> WHAT IS NEEDED
No pictures, please. Copy exactly the lines from the one with "Lot 18 - Kodak DCS Pro14n Full-Frame DSLR." through the final line below.

> SUPPLIED INFORMATION
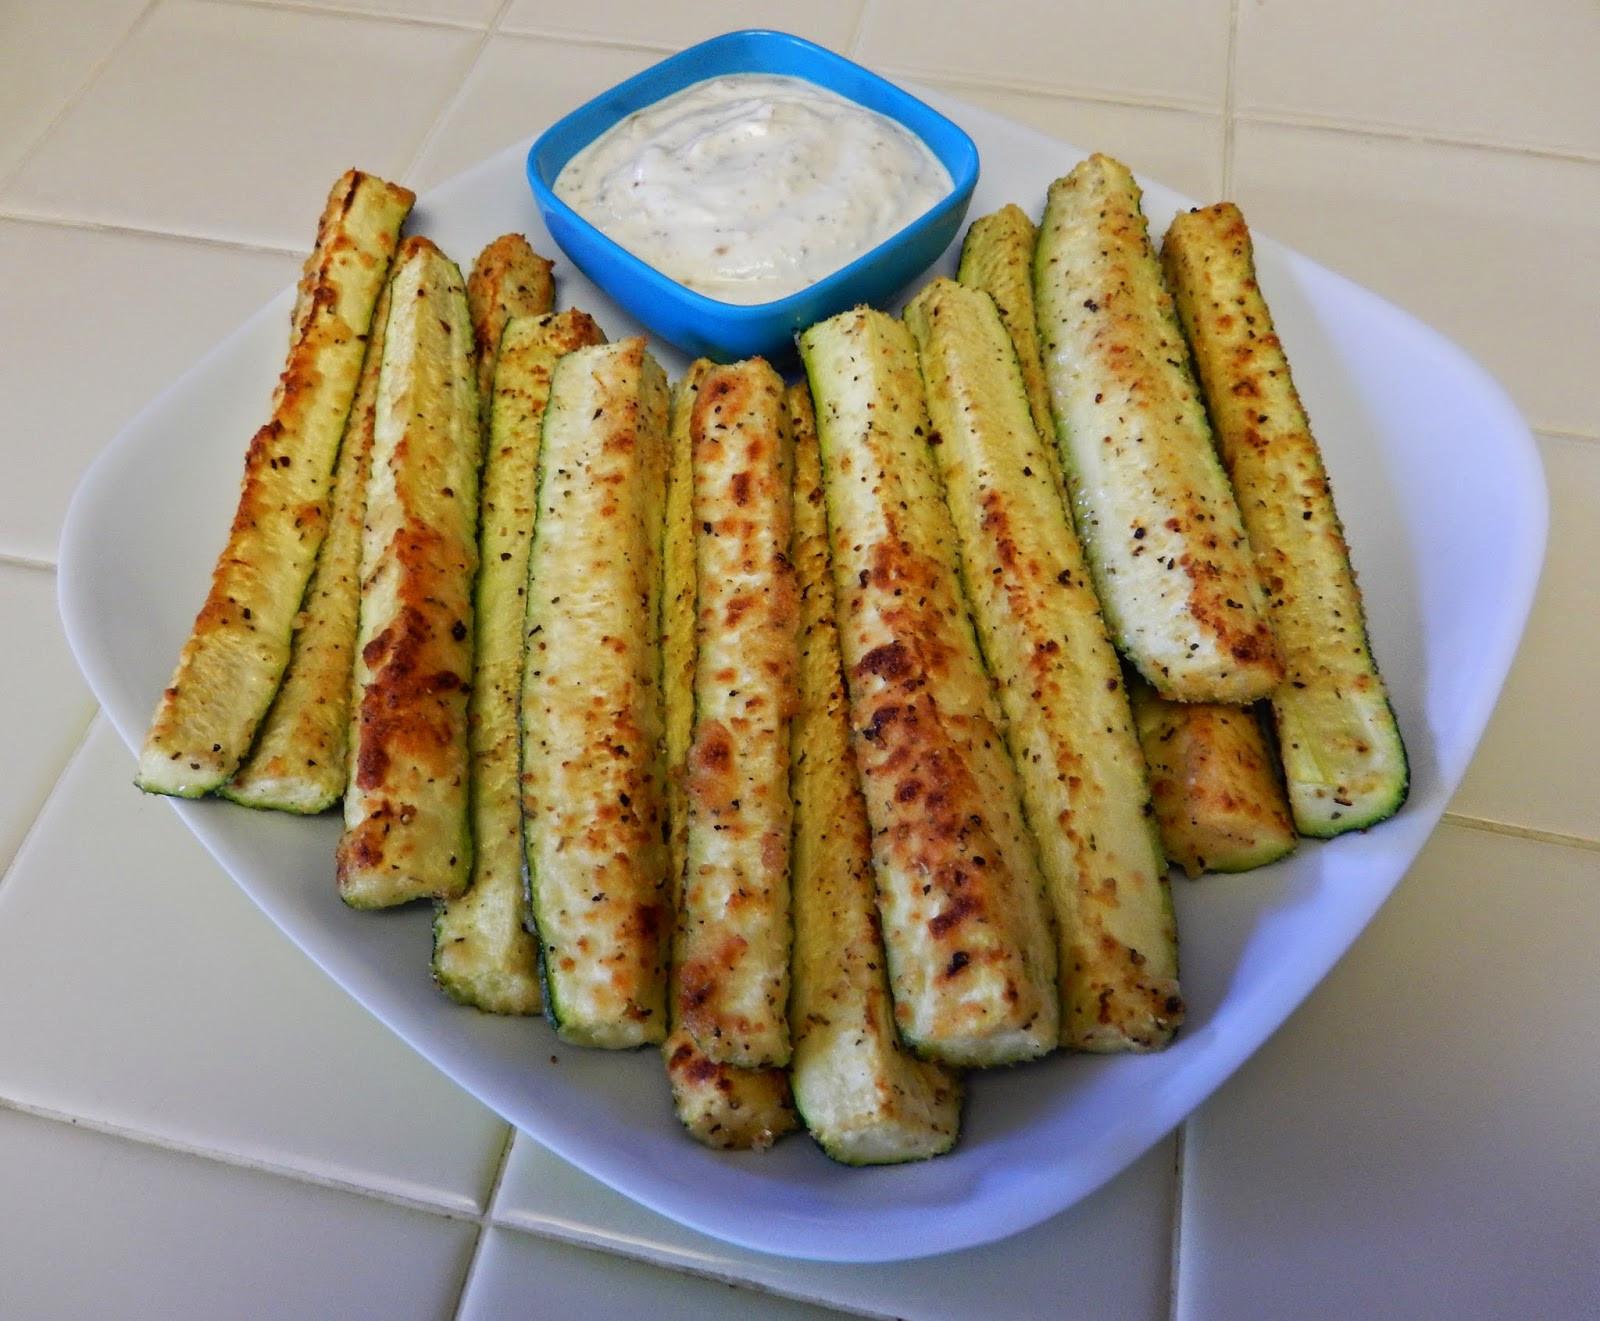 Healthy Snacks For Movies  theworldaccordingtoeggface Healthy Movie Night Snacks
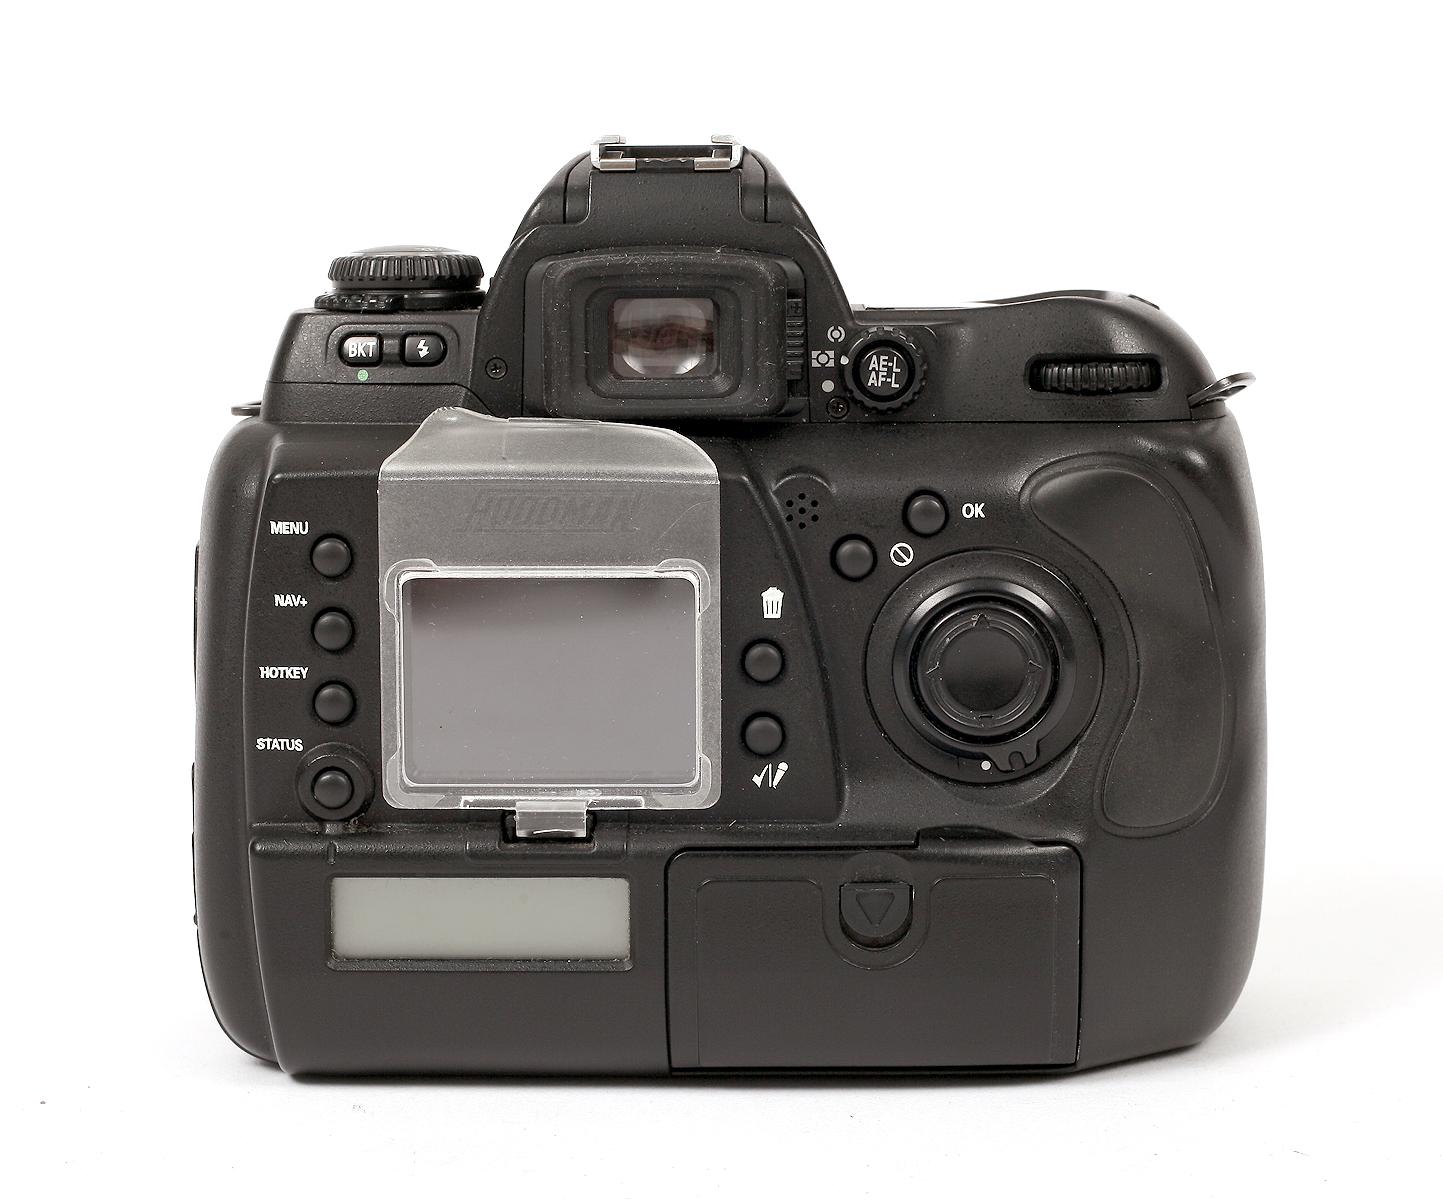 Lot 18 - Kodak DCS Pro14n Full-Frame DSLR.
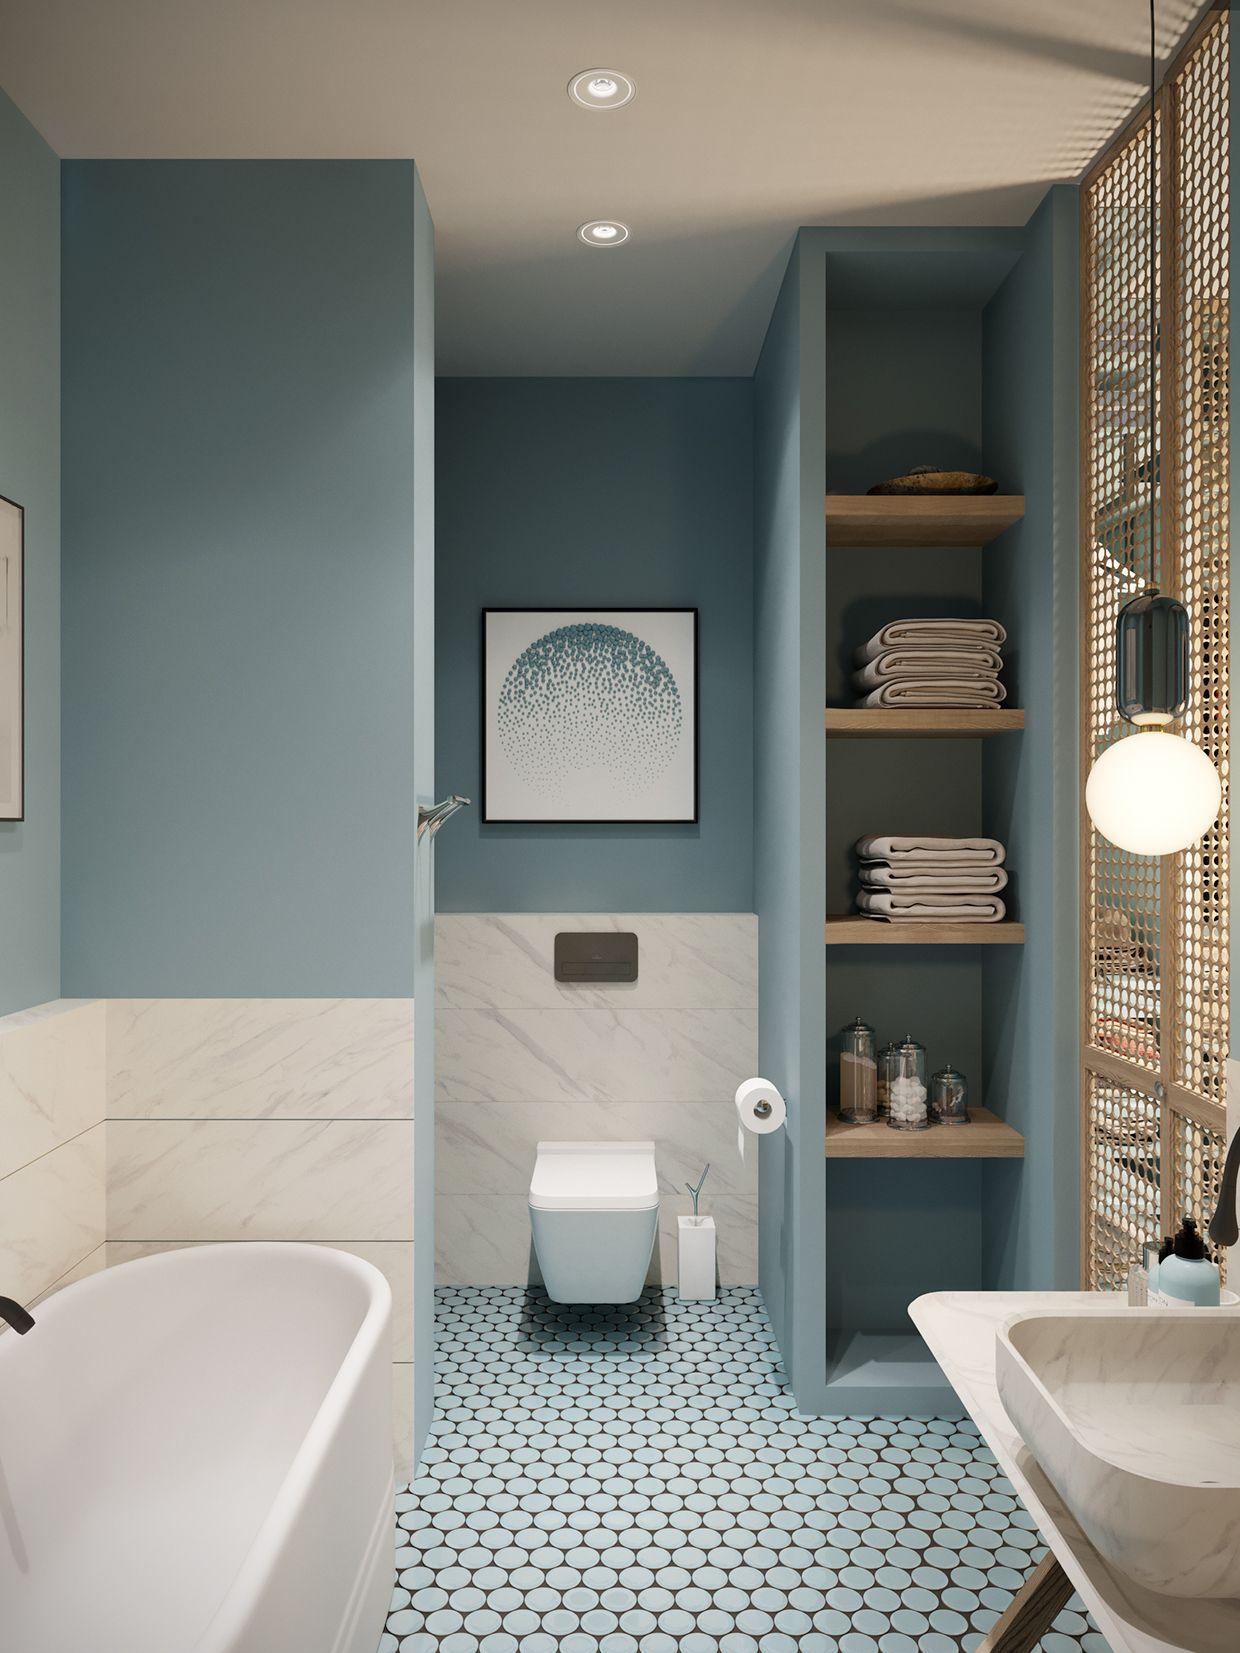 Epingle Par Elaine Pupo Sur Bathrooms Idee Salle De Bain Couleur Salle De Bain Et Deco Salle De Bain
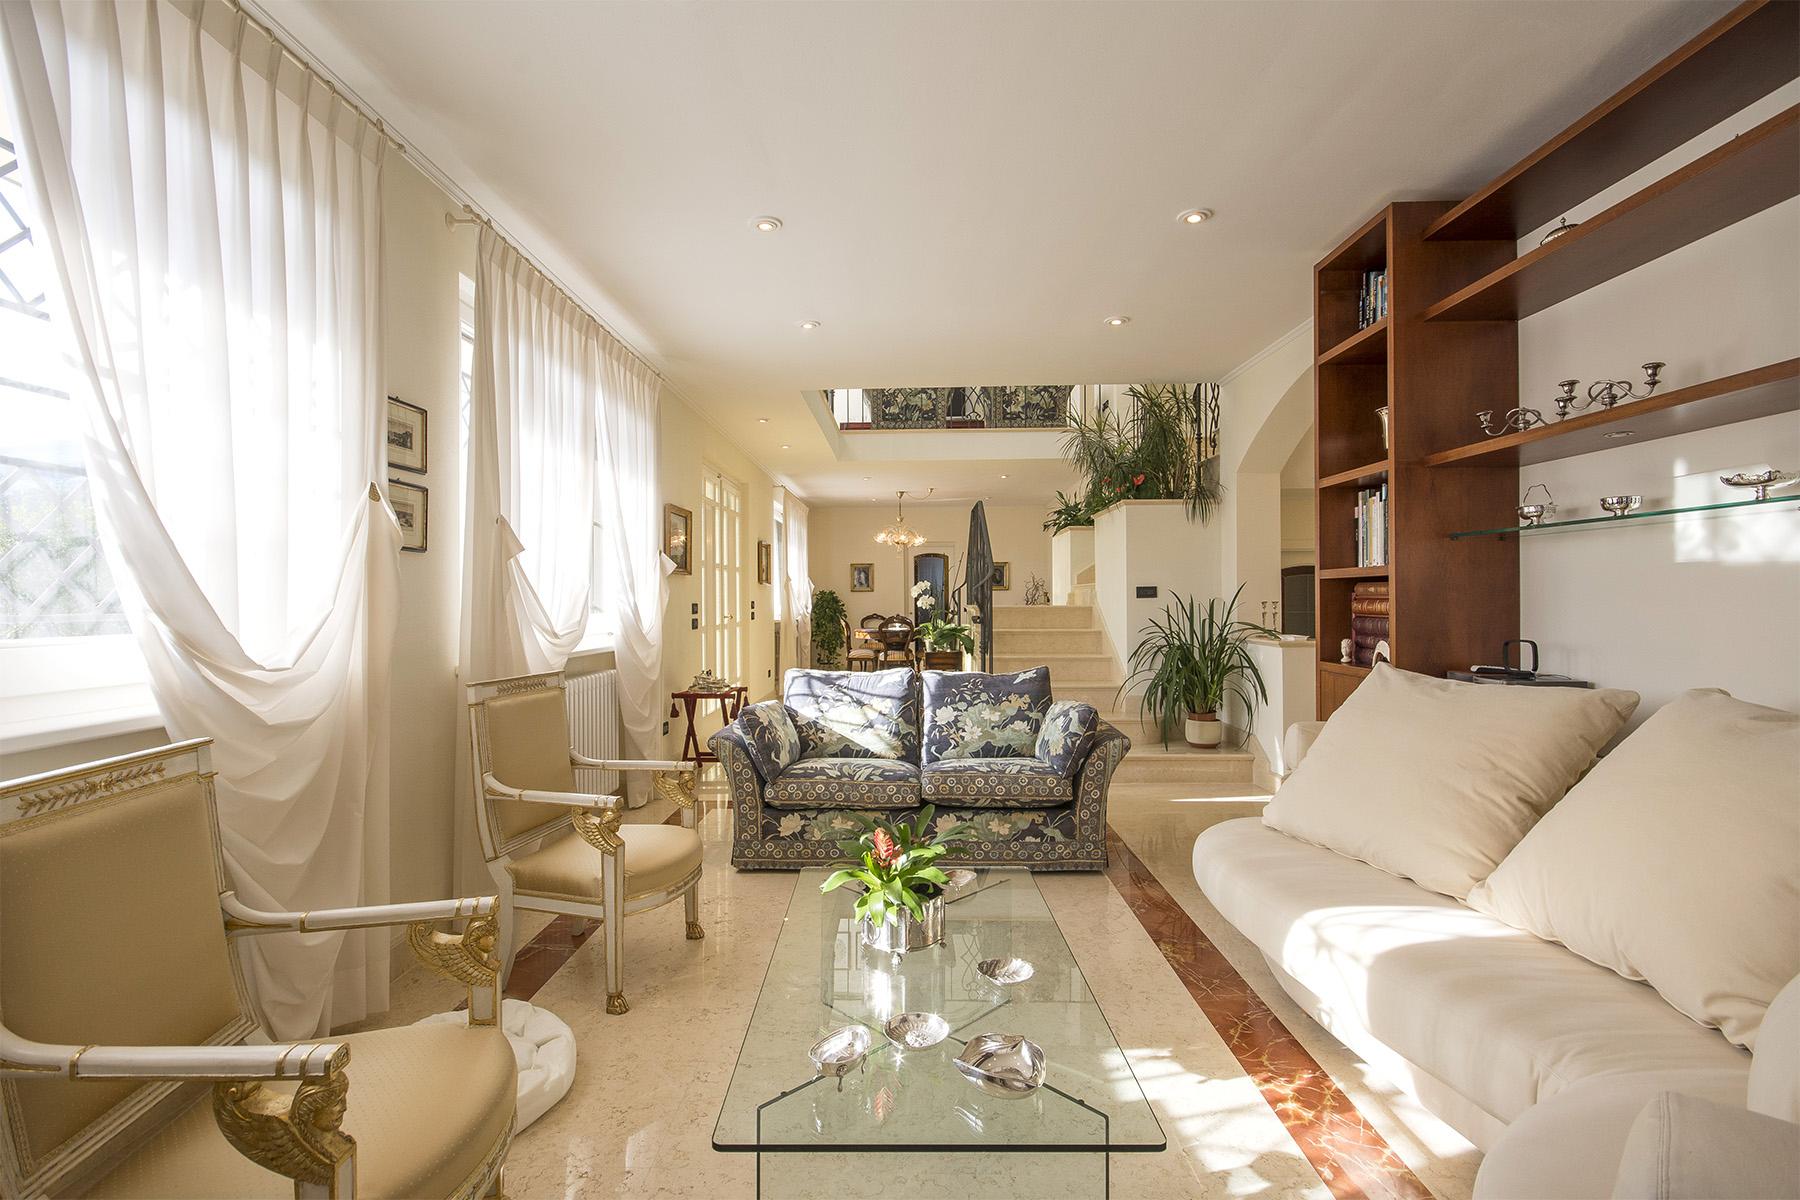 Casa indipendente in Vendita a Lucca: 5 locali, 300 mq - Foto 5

> SOLUTION TO THIS PROBLEM
 Lot 18 - Kodak DCS Pro14n Full-Frame DSLR.
 Epingle Par Elaine Pupo Sur Bathrooms Idee Salle De Bain Couleur Salle De Bain Et Deco Salle De Bain
 Casa indipendente in Vendita a Lucca: 5 locali, 300 mq - Foto 5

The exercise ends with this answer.